Search code examples
amazon-web-servicesaws-cliamazon-cloudwatchamazon-route53cloudwatch-alarms

Unable to create a Route 53 health check with associated CloudWatch alarm


I'm attempting to create a new Route 53 health check with an alarm that should be triggered when the health check fails. I'm using the following command and health check config:

aws route53 create-health-check --caller-reference cw-20240607 \
  --health-check-config file://health_check_config.json
{
  "Type": "HTTPS_STR_MATCH",
  "FullyQualifiedDomainName": "https://api.dev.somedomain.dev",
  "Port": 443,
  "ResourcePath": "/health",
  "SearchString": "\"status\":\"ok\"",
  "EnableSNI": true,
  "AlarmIdentifier": {
    "Name": "regen-api-health-check",
    "Region": "us-east-1"
  }
}

I'm getting the following error:

An error occurred (InvalidInput) when calling the CreateHealthCheck operation:
Invalid parameter : Basic health checks must not have an metric region specified.

I did try removing the region from the AlarmIdentifier, but of course it's a required parameter, so the new error is:

Parameter validation failed:
Missing required parameter in HealthCheckConfig.AlarmIdentifier: "Region"

I found this 6-year-old issue in the aws-sdk-php repo, which indicates you can't specify an AlarmIdentifier with a "basic" health check. However, I can't find any reference in the docs as to what constitutes a "basic" health check, or what config would allow me to specify an alarm identifier.

So, my questions are:

  1. What specifically is a basic health check, vs a.. non-basic health check?
  2. How can I configure the health check with an alarm identifier, so it will trigger my CloudWatch alarm?
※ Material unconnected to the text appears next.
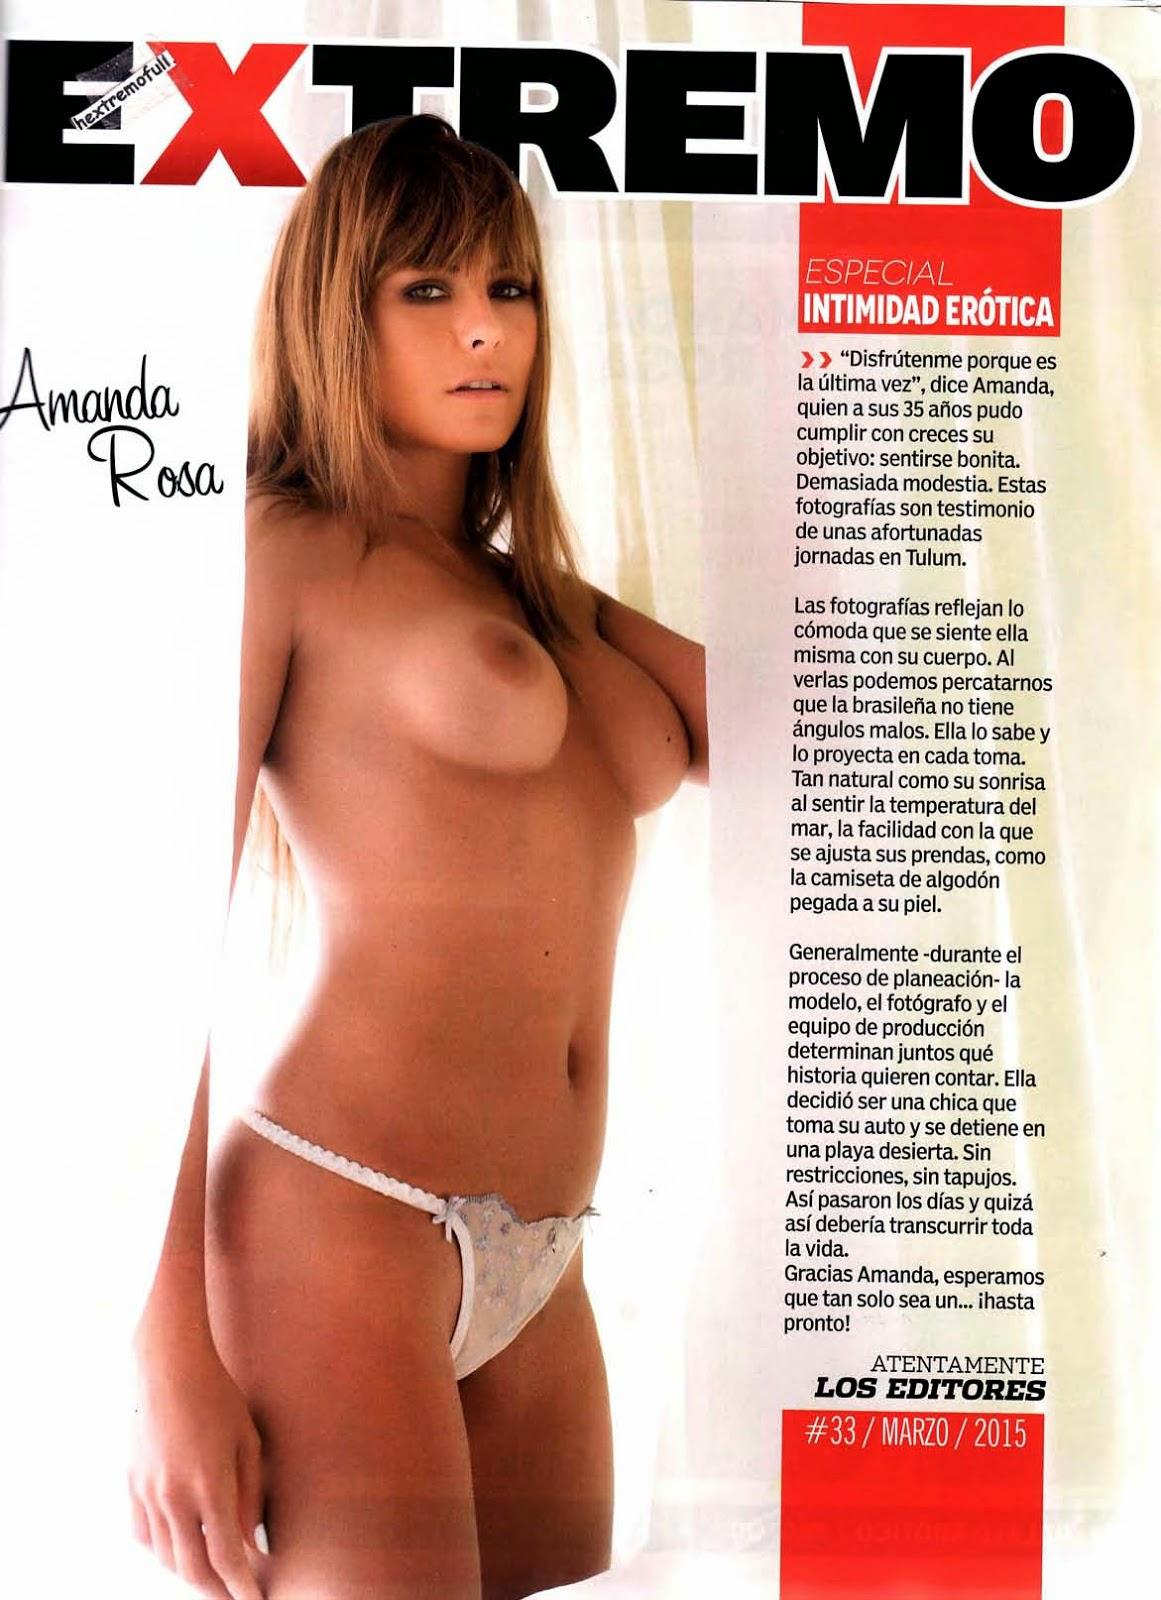 Amanda Rosa H Extremo amanda rosa pussy - sexy lingerie vids

FWIW, I tried to do this with CloudFormation first, but the error it kept providing was extremely unhelpful and non-specific:

Resource handler returned message: "Invalid request provided: AWS::Route53::HealthCheck"

Solution

  • I eventually figured out AlarmIdentifier is not for specifying the alarm that the health check should trigger. The correct way to associate the CloudWatch alarm to the health check is to specify the HealthCheckId in the dimensions parameter when creating the alarm. Using the CLI, this looks like:

    aws route53 create-health-check --caller-reference cw-20240607 \
      --health-check-config file://health_check_config.json
    
    aws cloudwatch put-metric-alarm --alarm-name my-api-health-check \
      --namespace AWS/Route53 --metric-name HealthCheckStatus \
      --dimensions "Name=HealthCheckId,Value=<health check ID>" \
      --comparison-operator LessThanThreshold --statistic Average --period 60 \
      --threshold 1 --evaluation-periods 3 --datapoints-to-alarm 3 \
      --alarm-actions "arn:aws:sns:us-east-1:<account ID>:my-alerts"
    

    health_check_config.json contents:

    {
      "Type": "HTTPS_STR_MATCH",
      "FullyQualifiedDomainName": "api.dev.somedomain.dev",
      "Port": 443,
      "ResourcePath": "/health",
      "SearchString": "\"status\":\"ok\"",
      "EnableSNI": true,
      "Regions": ["us-east-1", "us-west-1", "us-west-2"]
    }
    

    Once the fix was apparent, I was able to deploy the health check and alarm via CloudFormation:

    {
      "AWSTemplateFormatVersion": "2010-09-09",
      "Description": "Testing Health Check and Alarm config",
      "Resources": {
        "Route53HealthCheck": {
          "Type": "AWS::Route53::HealthCheck",
          "Properties": {
            "HealthCheckConfig": {
              "Type": "HTTPS_STR_MATCH",
              "FullyQualifiedDomainName": "api.dev.somedomain.dev",
              "Port": 443,
              "ResourcePath": "/health",
              "SearchString": "\"status\":\"ok\"",
              "EnableSNI": true,
              "Regions": ["us-east-1", "us-west-1", "us-west-2"]
            }
          }
        },
        "HealthCheckAlarm": {
          "Type": "AWS::CloudWatch::Alarm",
          "Properties": {
            "AlarmName": "my-api-health-check",
            "Namespace": "AWS/Route53",
            "MetricName": "HealthCheckStatus",
            "ComparisonOperator": "LessThanThreshold",
            "Statistic": "Average",
            "Period": 60,
            "Threshold": 1,
            "DatapointsToAlarm": 3,
            "EvaluationPeriods": 3,
            "AlarmActions": [
              {
                "Fn::Join": [
                  ":",
                  ["arn:aws:sns", { "Ref": "AWS::Region" }, { "Ref": "AWS::AccountId" }, "my-alerts"]
                ]
              }
            ],
            "OKActions": [
              {
                "Fn::Join": [
                  ":",
                  ["arn:aws:sns", { "Ref": "AWS::Region" }, { "Ref": "AWS::AccountId" }, "my-alerts"]
                ]
              }
            ],
            "Dimensions": [
              {
                "Name": "HealthCheckId",
                "Value": { "Fn::GetAtt": ["Route53HealthCheck", "HealthCheckId"] }
              }
            ]
          }
        }
      }
    }